Universidade Nova: Casa das Culturas

Portal Andifes, 04/05/2007

Universidade Nova: Casa das Culturas

Naomar de Almeida Filho, Reitor da UFBA

Uma das principais motivações do movimento Universidade Nova consiste no resgate da universidade como casa das culturas. Na conjuntura brasileira atual, a universidade às vezes consegue cumprir sua função de formar profissionais tecnicamente competentes, mas permite que os alunos saiam dela incultos. Para retificar tão grave lacuna, defendemos a reestruturação radical da arquitetura curricular da educação superior, introduzindo temas relevantes da cultura contemporânea. Porém, considerando a multi-culturalidade do mundo, não deveríamos pensar em culturas, no plural?

No momento crucial de constituição da modernidade, a escolástica medieval foi traduzida na idéia de humanidades, corpo de saberes pertinentes ao conjunto dos homens livres, como uma primeira definição unificada de cultura. As disciplinas científicas emergem das humanidades, a partir do século XVII. Ao longo dos séculos, cresce a separação entre humanidades e pensamento científico, culminando com a ruidosa “guerra das ciências” do final do século XX, quando as ciências humanas quase foram expulsas do panteão dos conhecimentos socialmente legitimados.

Em 1959, Lord Snow ministrou uma conferência na famosa Universidade de Cambridge, sob o título As duas culturas. Esse texto tornou-se um clássico.
Reconhecia a centralidade da ciência no mundo moderno, porém denunciava o indesejável antagonismo entre ciências e humanidades. Snow depois defendeu a necessidade de uma "terceira cultura", formada por humanistas com bom conhecimento de ciência e por cientistas com forte sensibilidade às artes e humanidades, que poderiam fazer a ponte entre as duas culturas. O filósofo espanhol Francisco Fernández publicou recentemente detalhada revisão crítica dos conceitos de “terceira cultura”. Dentre as várias vertentes analisadas, Fernández descartou como simplistas propostas de tomar a filosofia ou as ciências sociais como culturas-ponte ou de fusão das ciências às humanidades, bem como avaliou criticamente a tese de unificação reducionista das humanidades às ciências.

Ao construir conceitualmente a proposta da Universidade Nova, avaliamos cuidadosamente essa questão, rejeitando liminarmente propostas tipo “terceira via”, como por exemplo conceitos de “terceira cultura” resultantes de mix teóricos, apagamento de diferenças conceituais ou apaziguamento de contradições ideológicas. Decidimos ser cautelosos em relação a idéias de integração, pontes ou fusões entre ciências, humanidades e artes, pois se trata de modos distintos de construção do mundo, que precisam ter suas especificidades respeitadas. Com esse espírito, baseamos a estrutura curricular e o sistema de títulos dos Bacharelados Interdisciplinares da Universidade Nova no que identificamos como principais eixos estruturantes dos saberes e práticas do mundo contemporâneo.
Assim, para preencher os requisitos da formação universitária plena, todos os alunos da rede Universidade Nova cumprirão créditos em cada uma das três
culturas: Cultura Humanística; Cultura Artística; Cultura Científica.

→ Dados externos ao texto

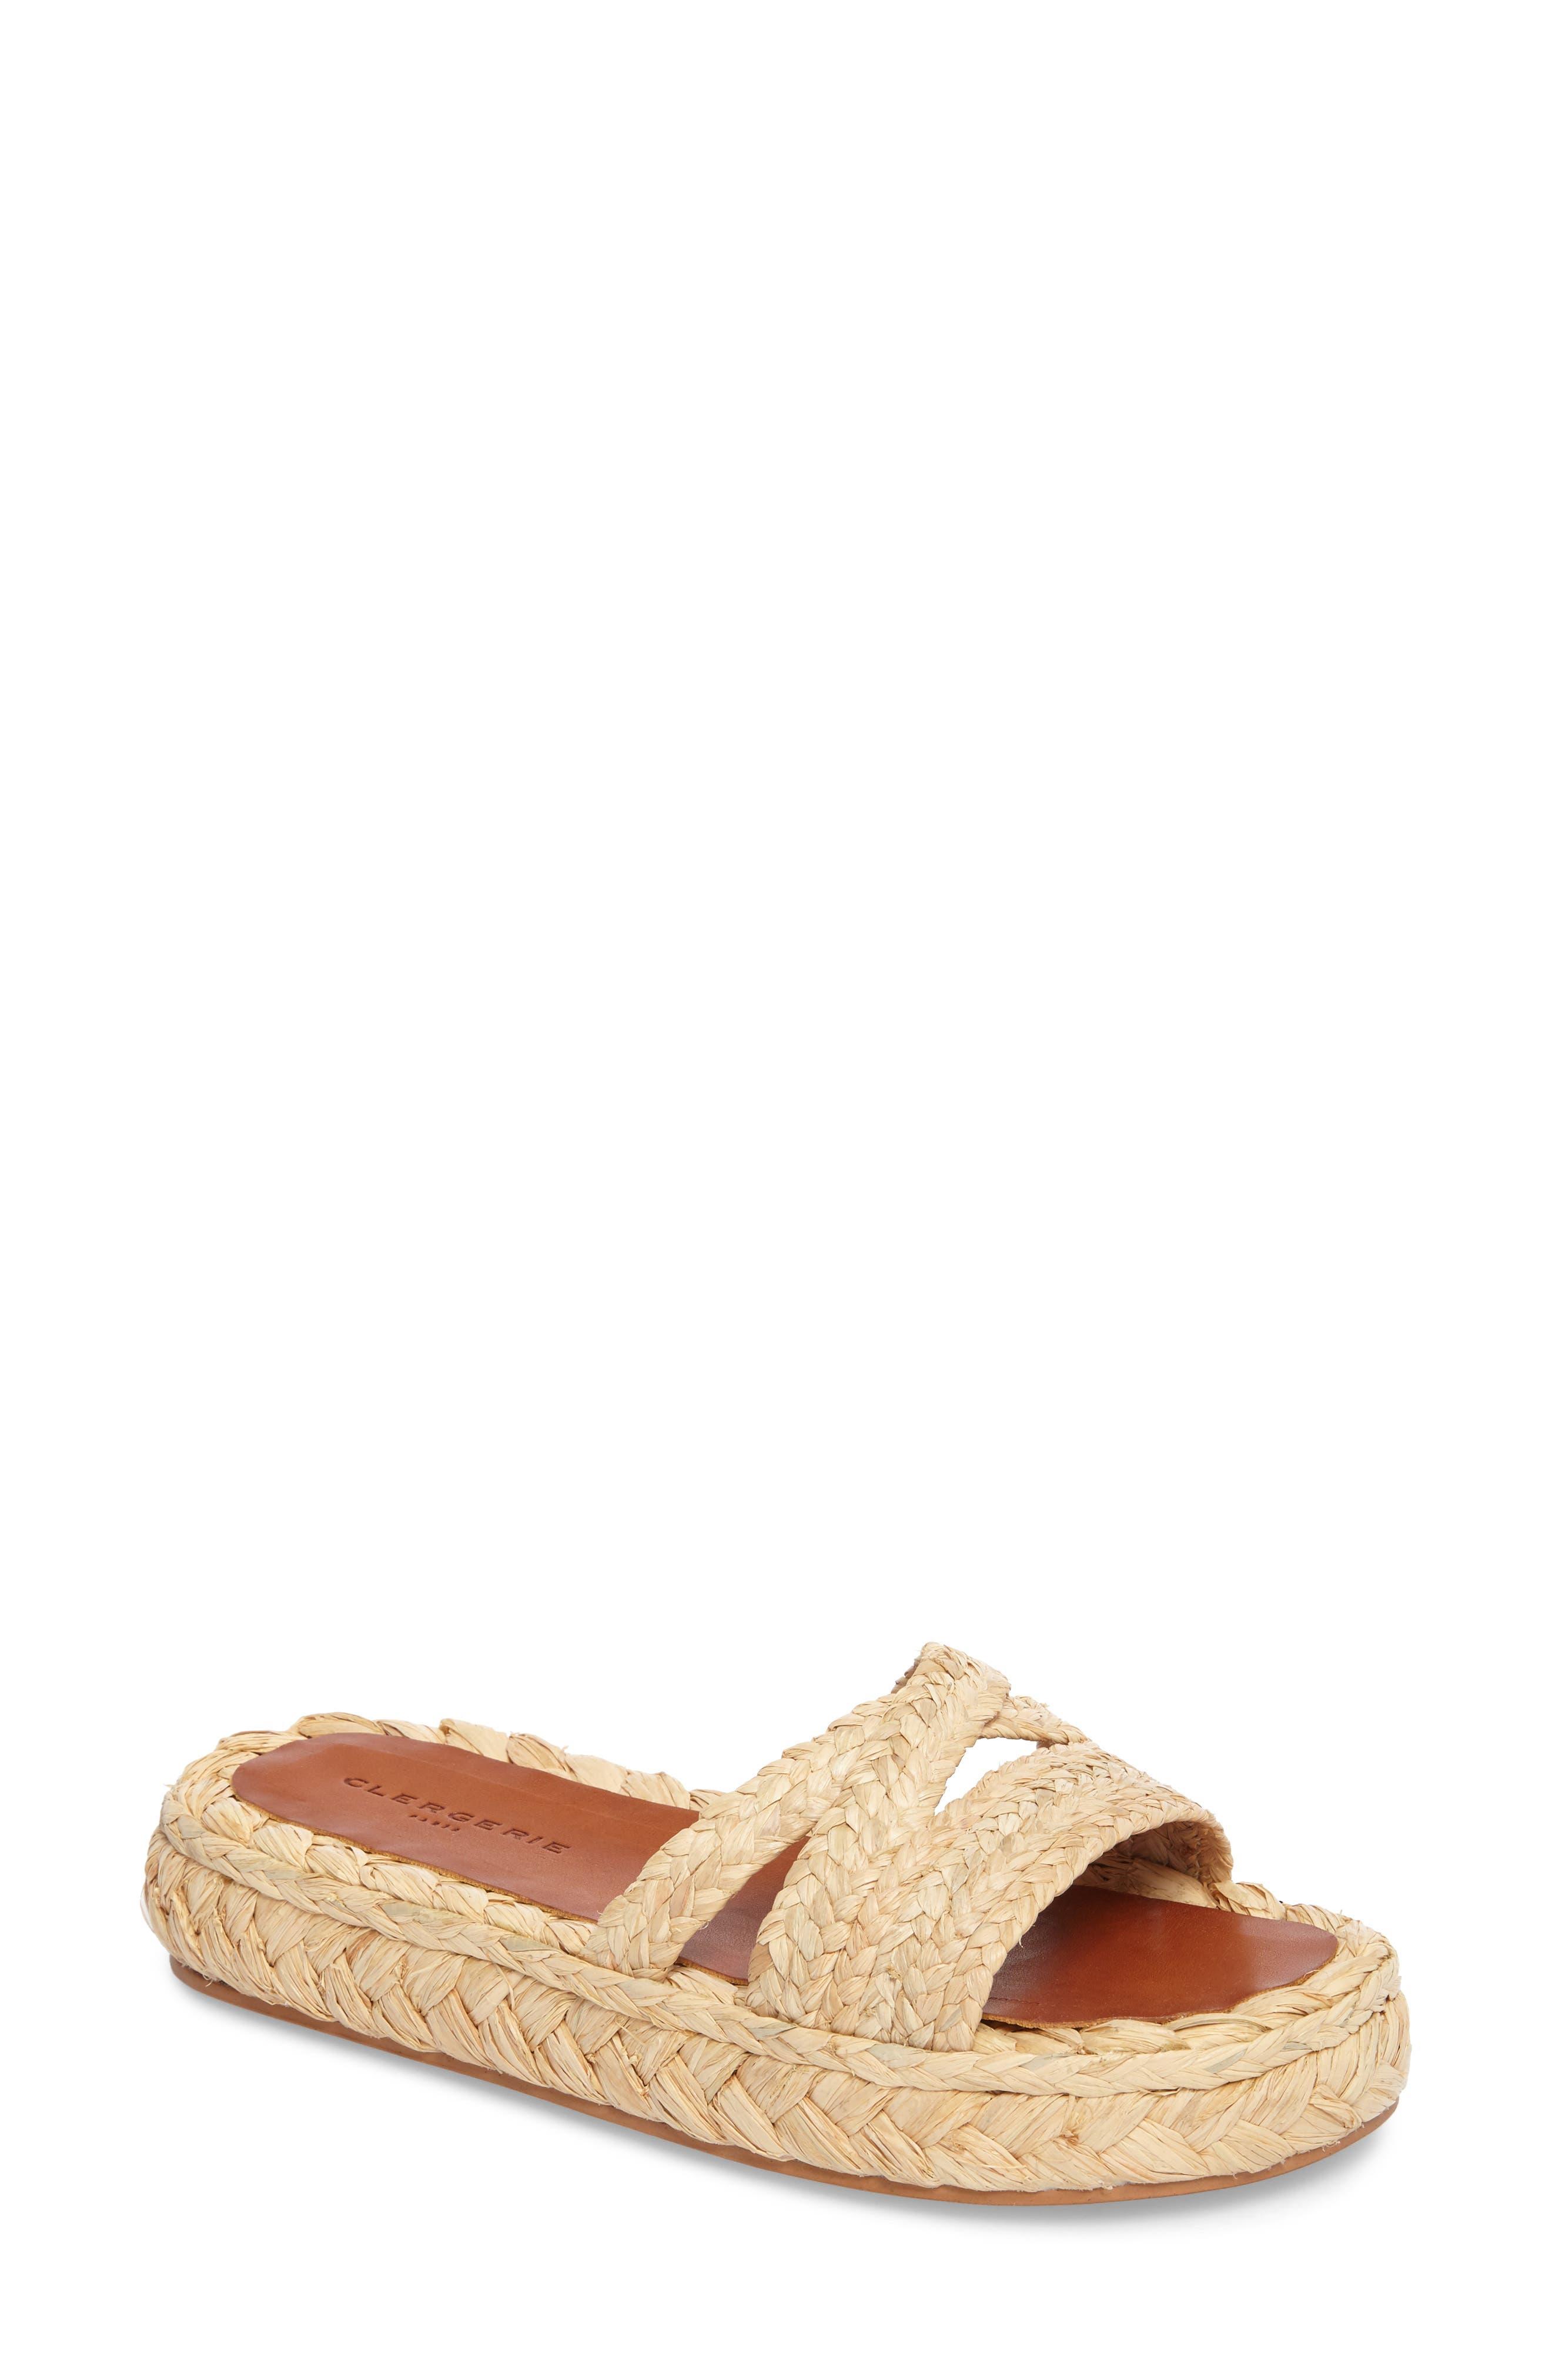 Idalie Woven Slide Sandal,                         Main,                         color, 250

Dessa forma, queremos ampliar o conceito de humanidades, nele introduzindo as dimensões do ecológico, da política, do desejo e do cibermundo. Pensamos que as feridas narcísicas de que falava Freud devem ser reabertas e revistas. Darwin fez do homem uma espécie vulnerável em eco-sistemas; Marx o resgatou como animal político, enfim sujeito histórico; Freud o confrontou com seus fantasmas e idiossincrasias, fazendo-o sujeito responsável por desejos, escolhas e sofrimentos; e, desde a segunda metade do século XX, muitos anônimos coletivos seguem inventando o cibermundo, uma dimensão humana virtual que não cessa de se transmutar.

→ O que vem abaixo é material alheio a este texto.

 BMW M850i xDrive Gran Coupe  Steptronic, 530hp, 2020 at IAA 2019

Para atualizar a idéia de ciência, reafirmamos o seu caráter plural como construção histórica e produto da cultura. Isso implica destacar o sentido simbólico e institucional das ciências como narrativas, produtos discursivos, modo de produção de discursos, práticas sociais em interface com outras práticas sociais, objetos culturais em campos culturais; enfim, o conceito de cultura científica.

Finalmente, e aqui se encontra talvez alguma originalidade em nossa proposta, buscamos, no conceito de cultura artística, distinguir as artes das humanidades, reconhecendo uma multi-referencialidade própria dos processos artísticos e a importância das estéticas na vida atual.

O sistema binário de duas culturas antagônicas correspondia à estrutura ideológica das sociedades modernas e suas universidades clássicas, há muito superadas pela história. Neste século XXI, o sistema de três culturas, nem contraditórias nem complementares, que melhor traduz a cosmologia complexa das sociedades contemporâneas, permitirá a reinvenção da universidade brasileira.